UNIX のシグナル機構が、スレッド指定という考え方で拡張されています。これは、シグナルがプロセスではなく特定のスレッドに送られるという点を除いて、通常の非同期シグナルと似ています。
独立したスレッドで非同期シグナルを待つ方が、シグナルハンドラを実装して、そこでシグナルを処理するよりも安全で簡単です。
非同期シグナルを処理するよりよい方法は、非同期シグナルを同期的に処理することです。具体的には、「sigwait(2)」で説明した sigwait(2) を呼び出すことにより、スレッドはシグナルの発生を待つことができます。

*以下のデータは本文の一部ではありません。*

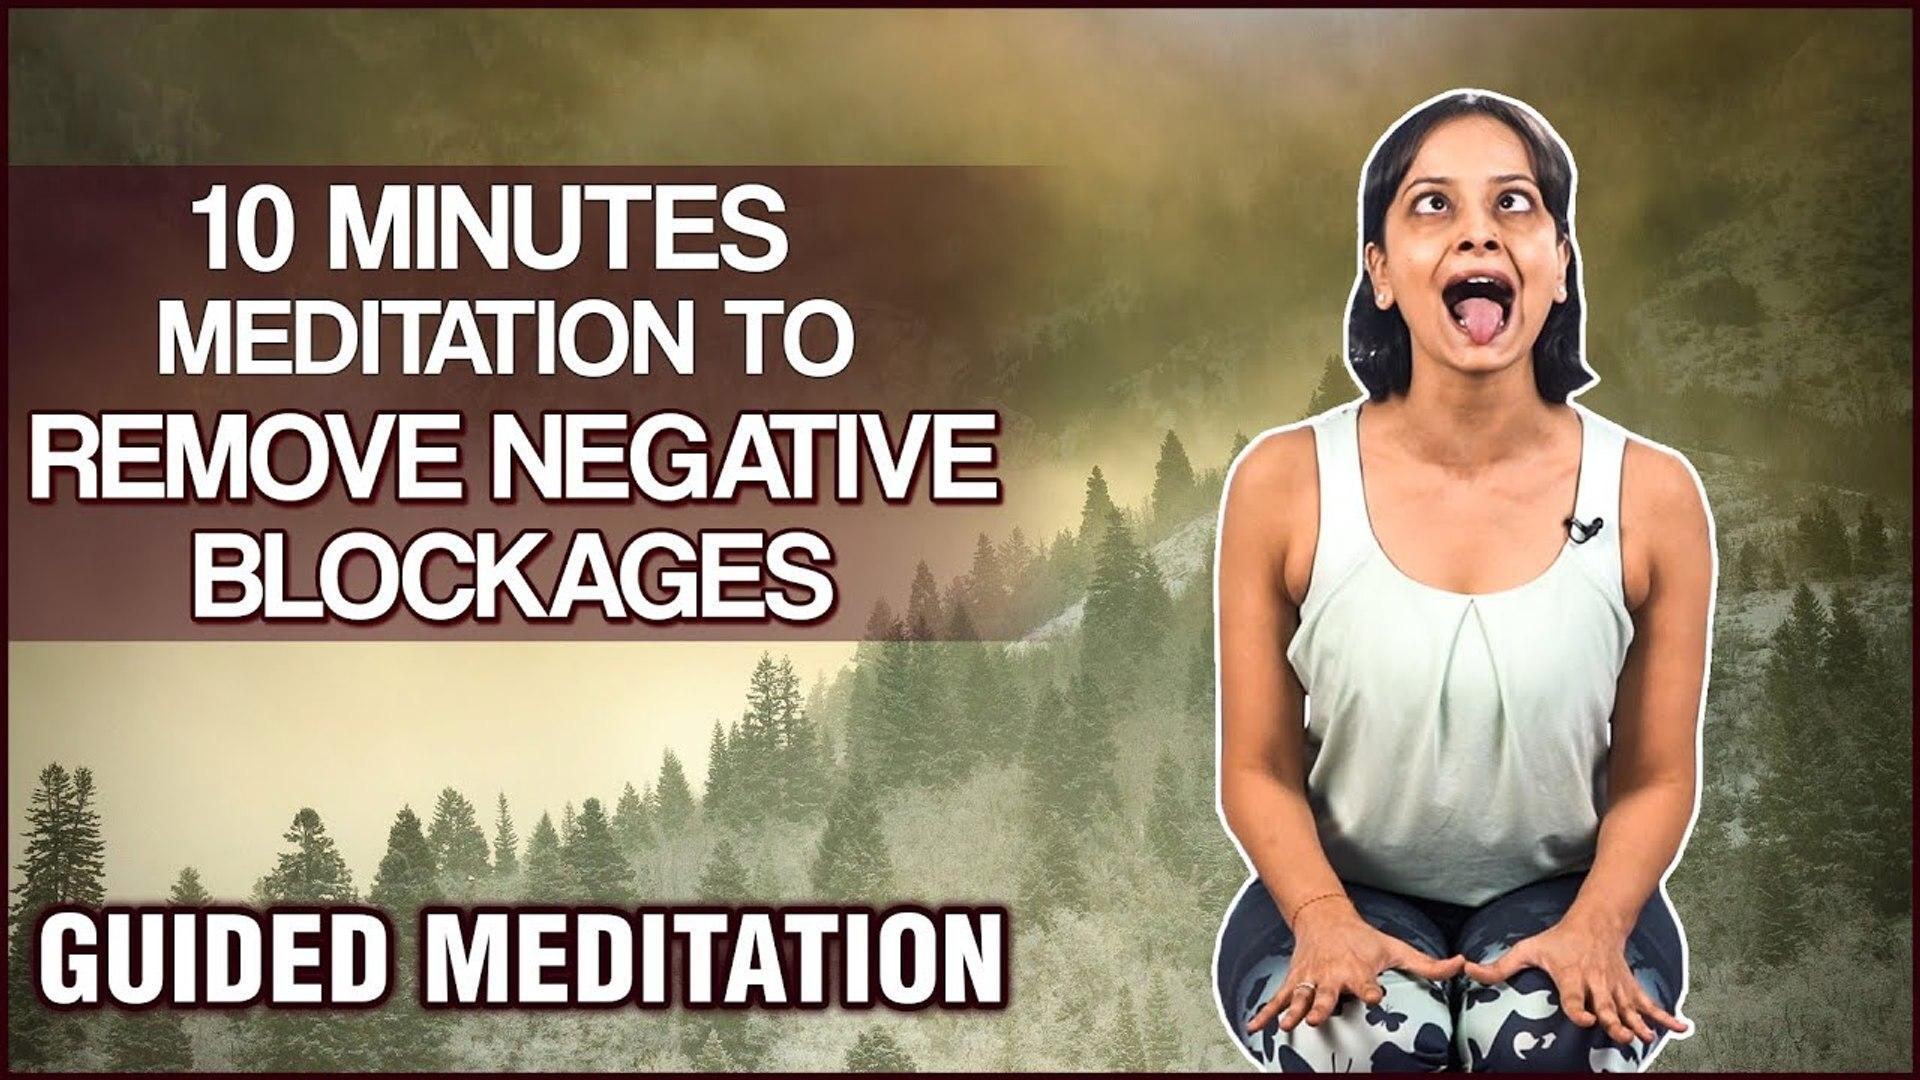 10 Minutes Meditation To Remove Negative Blockages|Remove Mental Blockages  & Subconscious Negativity

main() { sigset_t set; void runA(void); int sig; sigemptyset(&set); sigaddset(&set, SIGINT); pthread_sigsetmask(SIG_BLOCK, &set, NULL); pthread_create(NULL, 0, runA, NULL, PTHREAD_DETACHED, NULL); while (1) { sigwait(&set, &sig); printf("nestcount = %d¥n", nestcount); printf("received signal %d¥n", sig); } } void runA() { A(4,4); exit(0); } |
この例は、例 5-1 を修正したものです。メインルーチンは SIGINT シグナルをマスクし、関数 A を呼び出す子スレッドを生成し、最後に sigwait() を呼び出して SIGINT シグナルを待ちます。
対象となるシグナルが、計算を行うためのスレッドでマスクされていることに注目してください。計算を行うためのスレッドは、メインスレッドのシグナルマスクを継承するからです。メインスレッドは SIGINT から保護されており、sigwait() の内部でだけ SIGINT に対するマスクが解除されます。
また、sigwait() を使用しているとき、システムコールから割り込まれる危険性がないことも注目してください。